In sixteenth century printing, the two letters 'i' and 'y' were virtually interchangeable, the choice of one over the other being largely a matter of the printer's whim - or how much space he wanted to fill. Both were used to indicate the vowels in any word, without much insistence on any rule of spelling. The modern word 'daily', for example, could be given as dailie, dailye, or daylie - and any other variation. The consonant that we now call consonantal 'y' (IPA: /j/) was usually written or printed with a 'y'. This was not true of the consonant that we call 'j'. This seems to have been thought of simply as a long form of 'i', and the letter 'i' was much more commonly used for both the vowel and the consonant ('j' was sometimes called 'tailed i', and both were thought of as consonants). This gives such forms as iustice for modern 'justice', iuyce ('juice') Iulius ('Julius') and Iames ('James'). The difference between 'i' and 'j' was mostly aesthetic. The printer chose whichever he preferred the look of in that word: most printers never used 'j'. ('j' was used, as a form of flourish, in handwriting and printing, to mark the last 'I' of a Roman numeral - iiij for example was the usual Elizabethan way of writing '4', and 'xij' of '12'.)

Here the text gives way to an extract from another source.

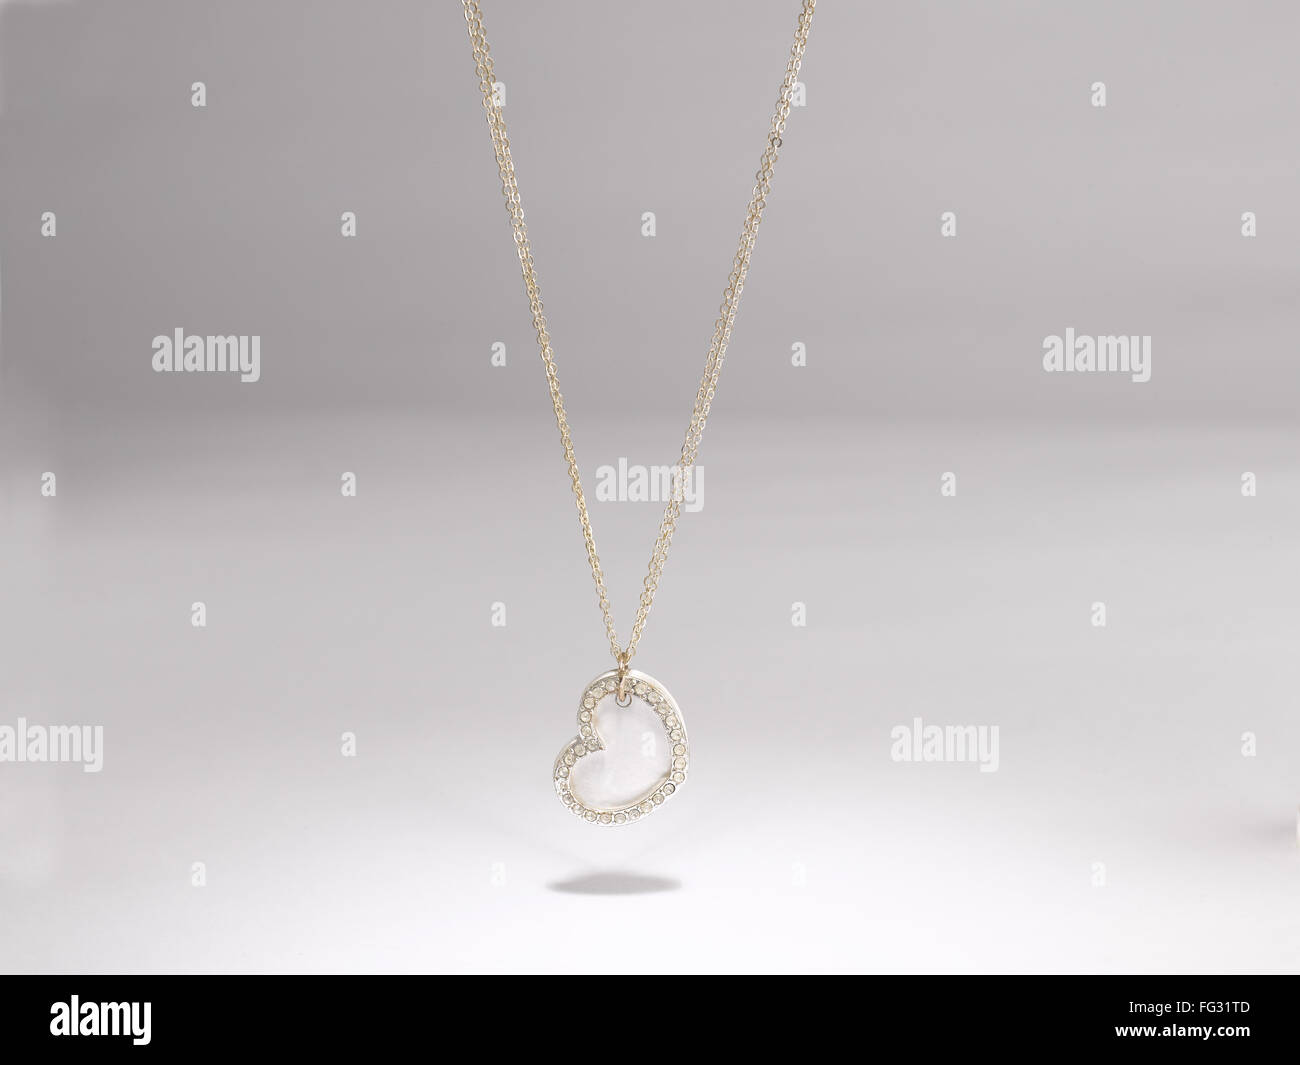 heart shaped pendant imitation silver jewellery - Stock Image

With 'u', which in modern times is a vowel, and 'v' which is now a consonant, 'v' was used for either in Elizabethan printing - as long as it came at the beginning of the word. There are such words as 'vs', 'vp' and 'vnto', as well as 'vtter'. Otherwise, either sound was represented by the letter 'u', giving such words as 'giue', sauage' and 'caruing'. There are also spellings that seem very confusing to the modern eye, like viuid and reuiue. (The letter that we call 'double u' was printed by taking two of the letter 'v' - VV - so it should have been called, as the French and Italians still call it, 'double vee', not 'double-you'.) Up to the eighteenth century, according to McArthur (1992), both 'u' and 'v' were considered to be vowels, and 'v' was sometimes called 'pointed u'.

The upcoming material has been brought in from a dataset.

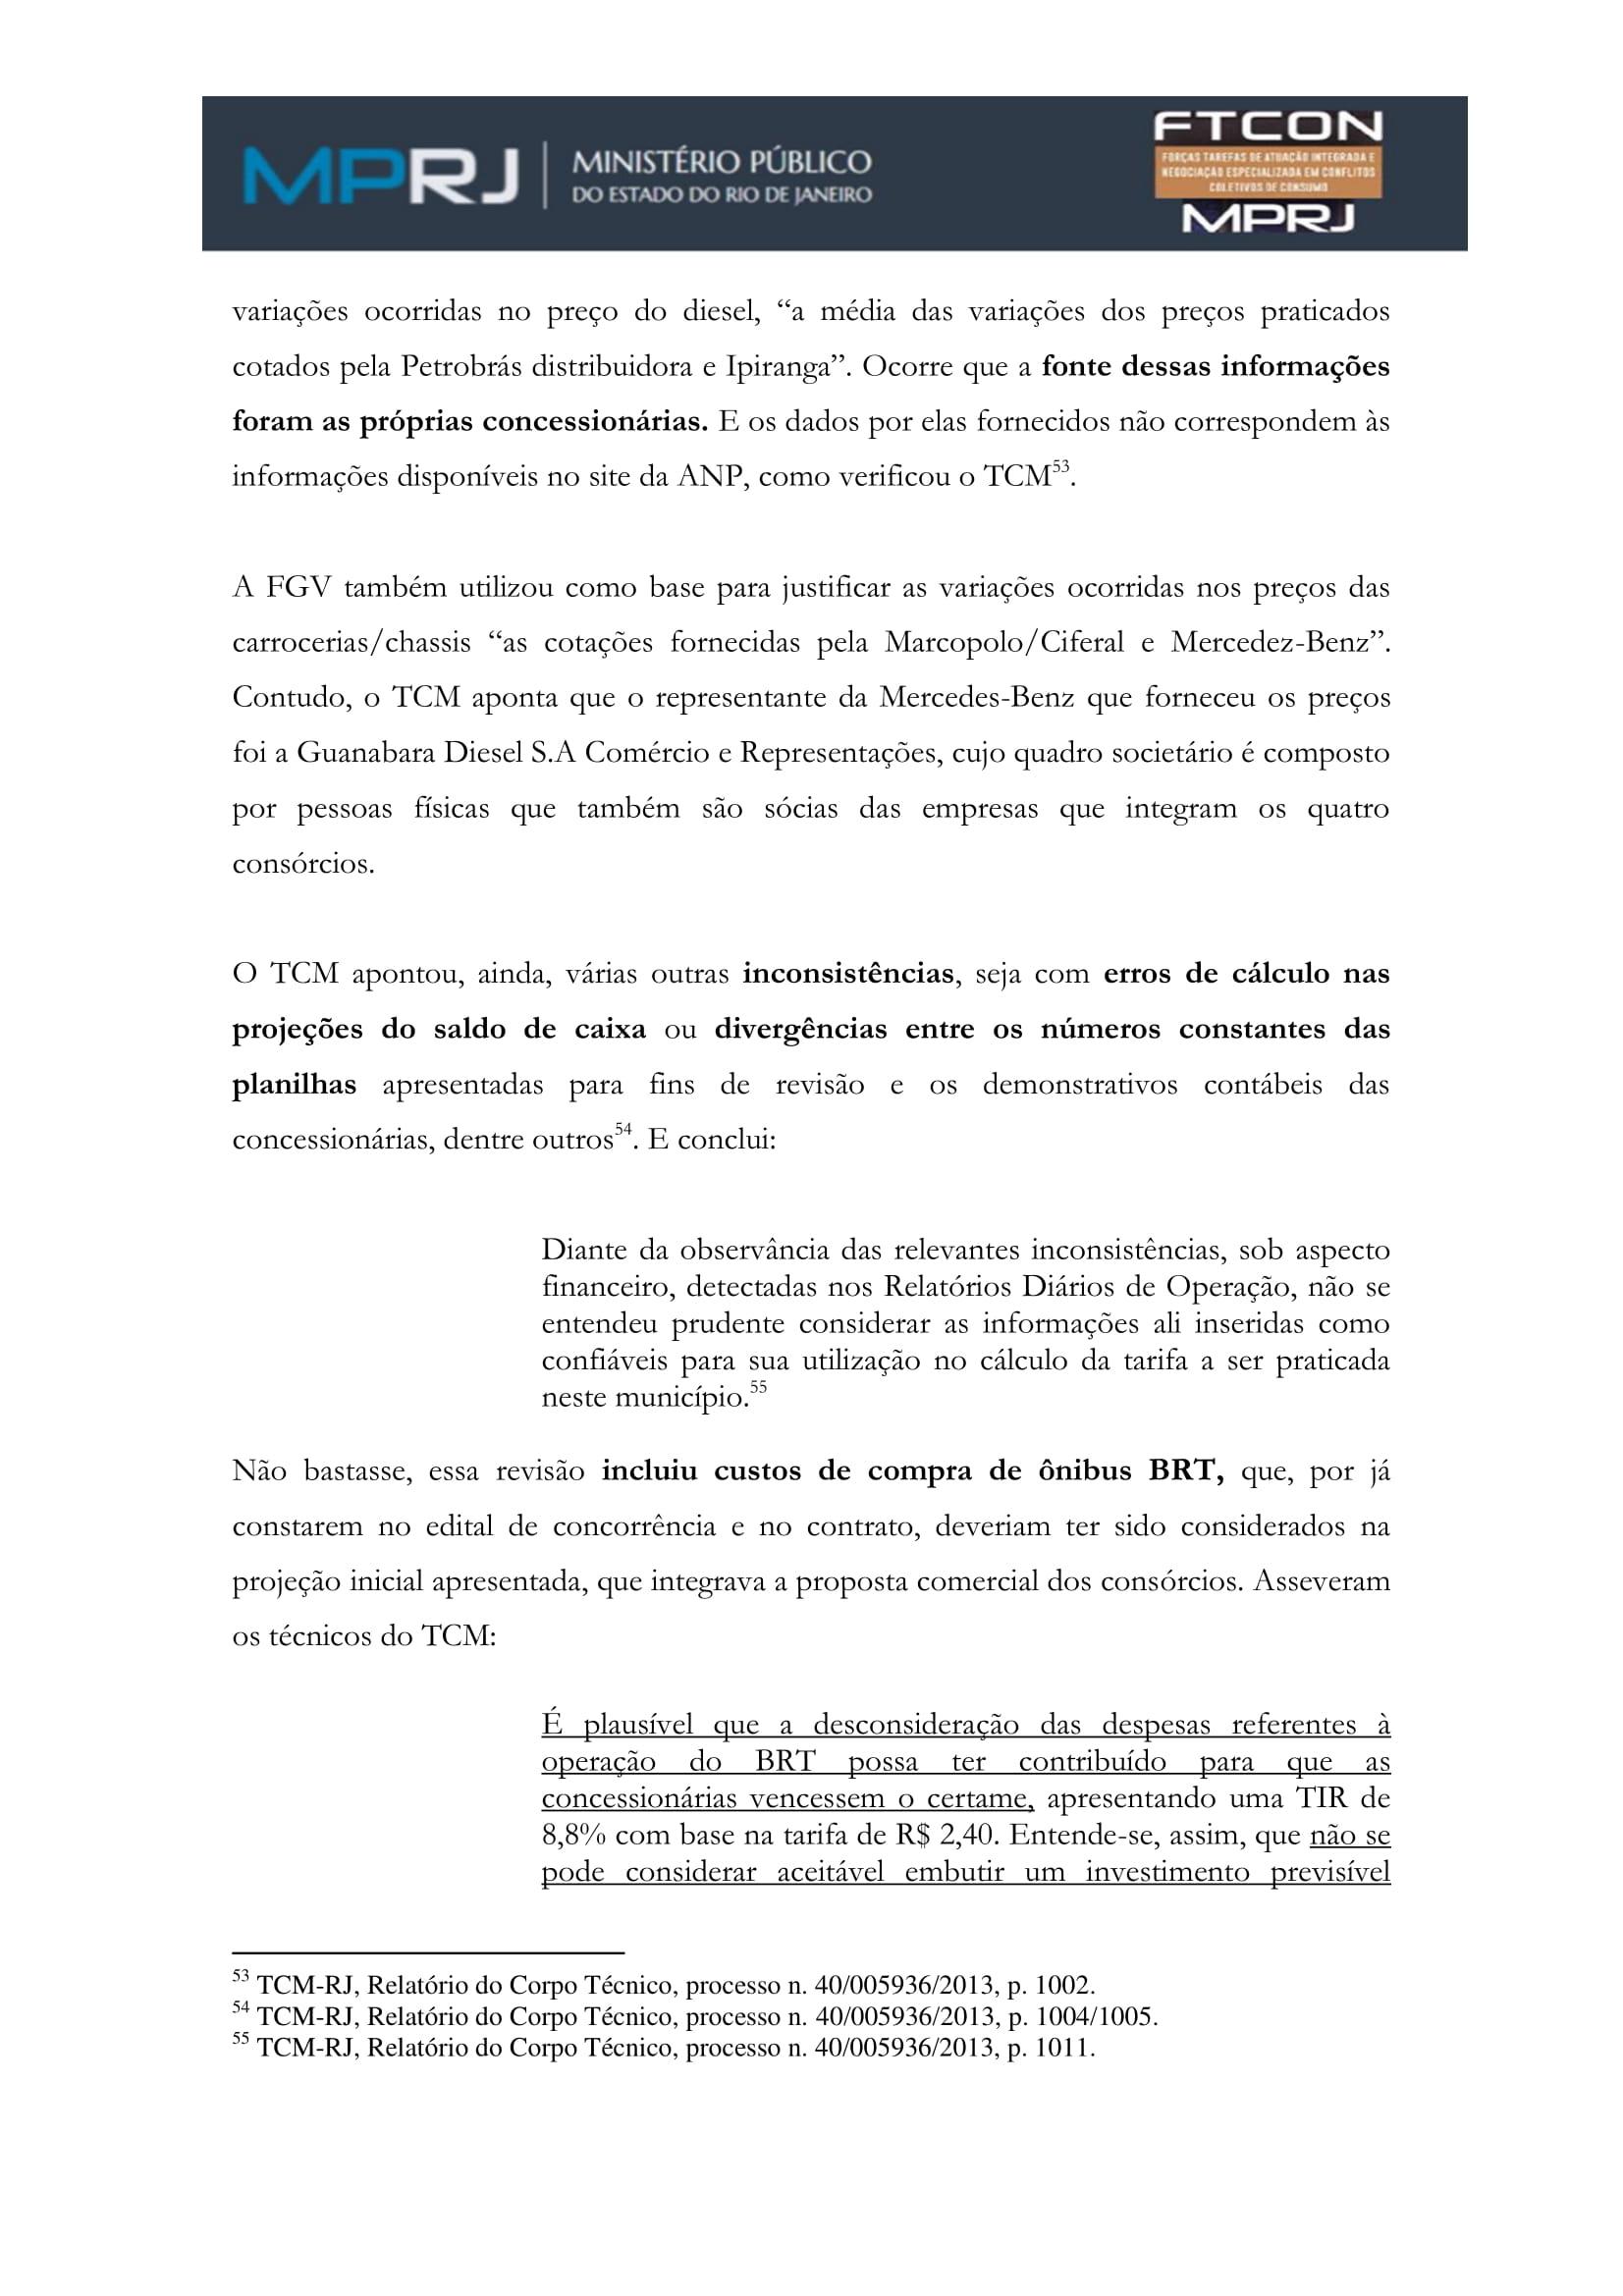 acp_caducidade_onibus_dr_rt-071

There was also a peculiarity about which some people still joke. The letter 's' had two forms, until the end of the eighteenth century. There was the form that still survives, the 'short s'. This was used at the ends of words. Elsewhere, the more elegant long 's' or ſ was used. This looks very like the letter 'f', only with a half-sized crossbar. This resemblance was probably why it ceased to be used: it is also the cause of much humour among students of older texts, who are amused to sound all 's' letters written in the long form as if they were 'f's. (Have another look at a 'long s' and an 'f', in the Lucida Sans Unicode font: ʃ and f.) Now you know why some schoolboy students of literature refer to 'Mafter William Fakfpeare, and love to quote his song that starts (or, 'His ſong that ſtarts' - notice that the final letter is a short 's' - Where the bee sucks, there suck I.
- This is the letter that Germans use to represent two 's's in double form as ß - a single letter, written with a long 's' immediately followed by a short 's', as in the traditional German way of writing the word for 'street', strasse: straße. This letter is known as the scharfes s ('sharp s'), or Es-zet ('s-z'), in German.